Sean Porter (born January 12, 1991) is a former American football outside linebacker. He played college football at Texas A&M, and was drafted by the Cincinnati Bengals in the fourth round of the 2013 NFL Draft.

Early years
Porter was born in Schertz, Texas.  He attended Samuel Clemens High School in Schertz, and played high school football for the Samuel Clemens Buffaloes.  He earned first-team all-district (26-4A) honors at linebacker, and was named to the San Antonio Express-News All-Area second-team.  As a junior in 2007, he recorded 137 tackles (85 solo), seven quarterback sacks, an interception, forced two fumbles and recovered three more.  The following season, as a senior in 2008, he tallied 139 tackles, seven sacks, intercepted a pass and recovered a fumble.

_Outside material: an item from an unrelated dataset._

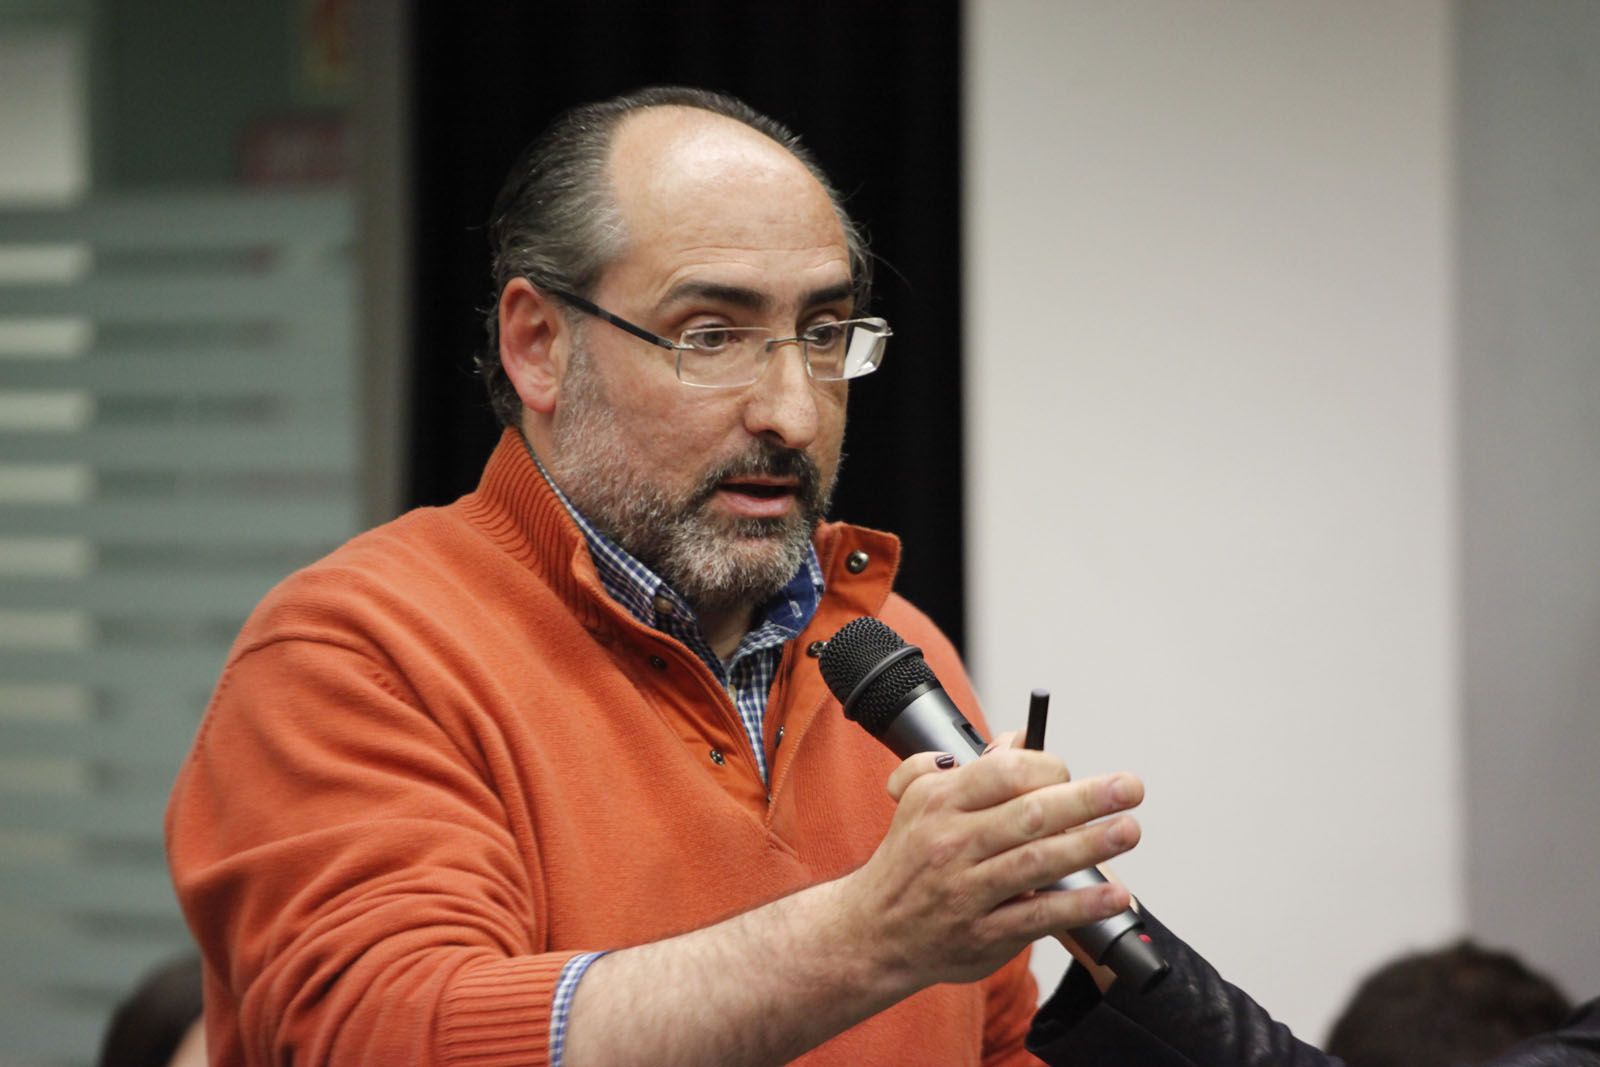 Josep Manuel Prats, president de la Fapel ( Federació d'associacions de pares i mares d'escoles lliures de Catalunya)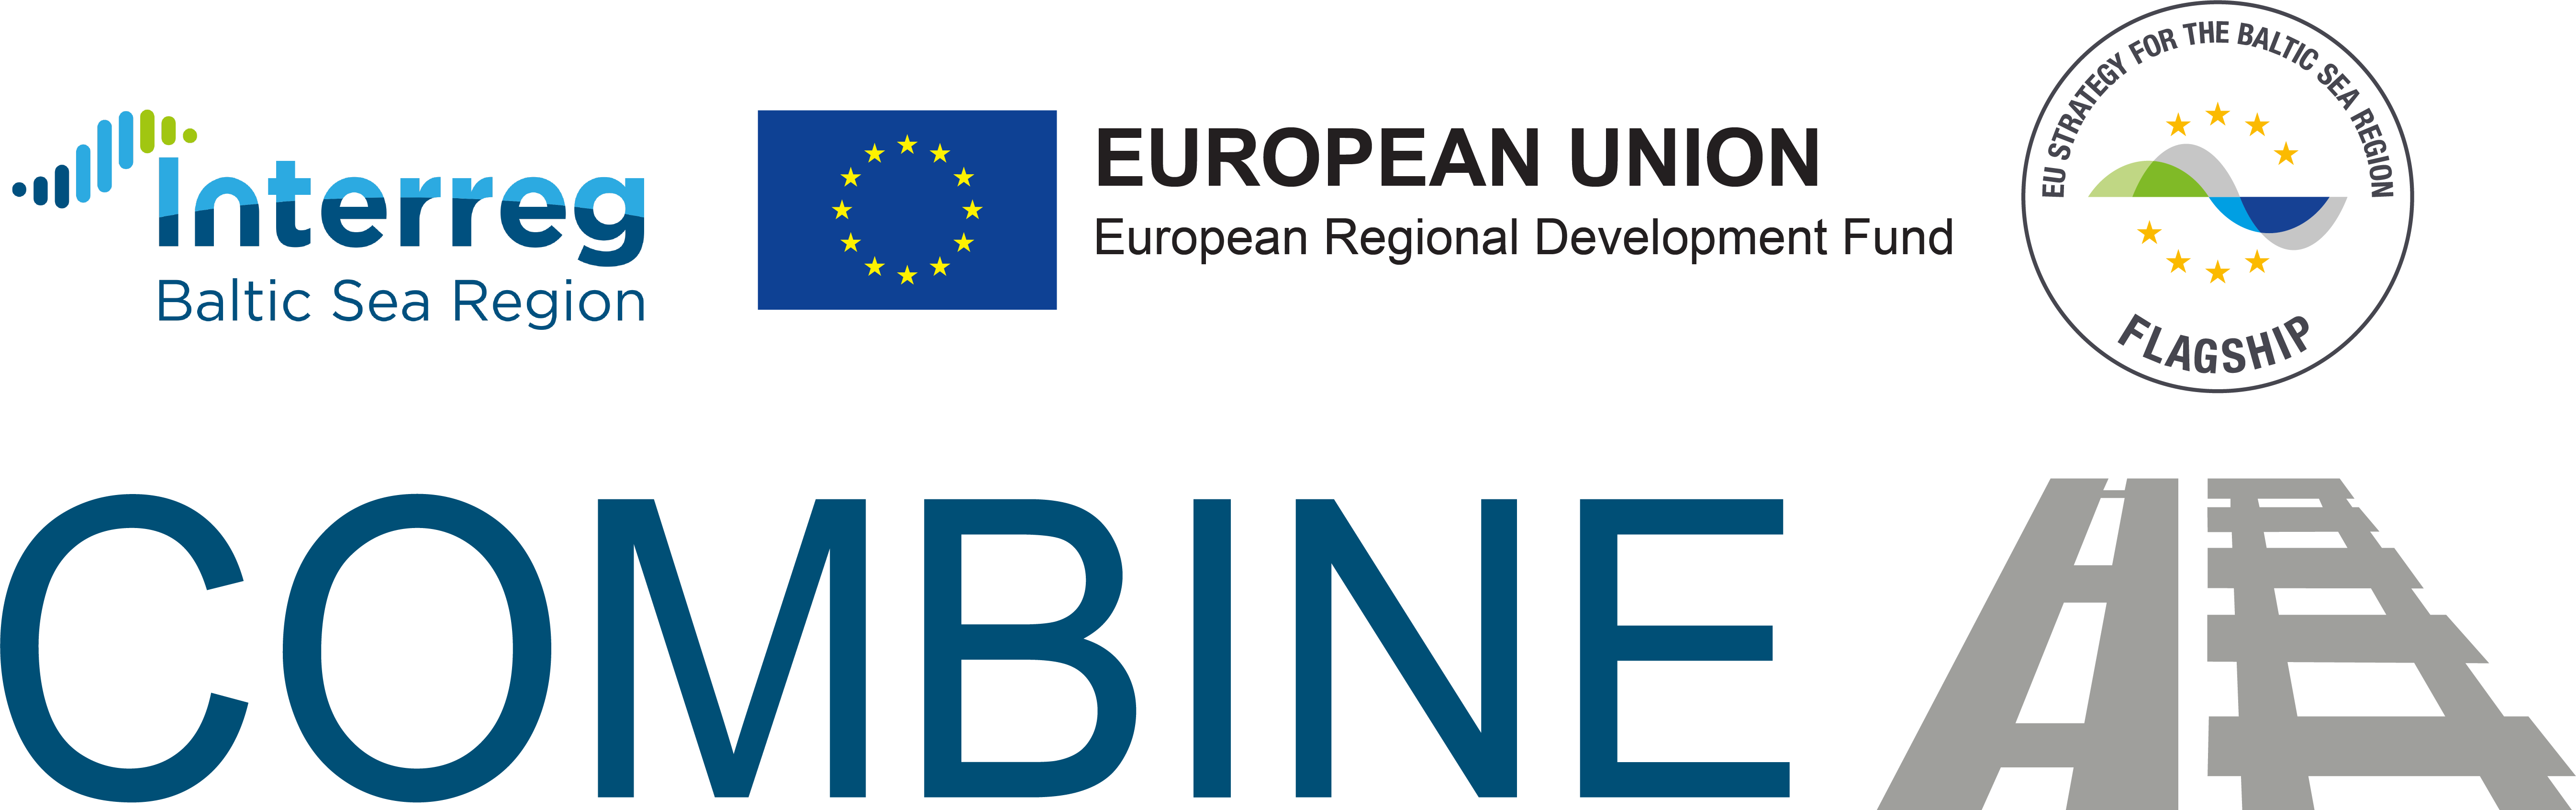 Logotype Combine märkt med finansiärer till projektet: EU, Interreg och flagship.

Considered a three-star recruit by Rivals.com, he was rated the No. 61 outside linebacker in the nation.  He accepted a scholarship offer from Texas A&M University over offers from Missouri and Houston.

College career
Porter enrolled in Texas A&M University, where he played for the Texas A&M Aggies football team from 2009 to 2012.  As a junior in 2011, he was a first-team All-Big 12 Conference selection.

Career Statistics

Professional career

Cincinnati Bengals
He was drafted by the Cincinnati Bengals in the fourth round (118th overall) of the 2013 NFL Draft.

He signed with the Bengals on May 13, 2013. He spent his entire rookie season on injured reserve. 

On November 30, 2015, he was waived.

Jacksonville Jaguars
Porter was signed to the Jacksonville Jaguars' practice squad on December 7, 2015.

On September 3, 2016, Porter was released by the Jaguars and was signed to the practice squad the next day. He was promoted to the active roster on December 6, 2016. He was promoted on injured reserve on December 27, 2016.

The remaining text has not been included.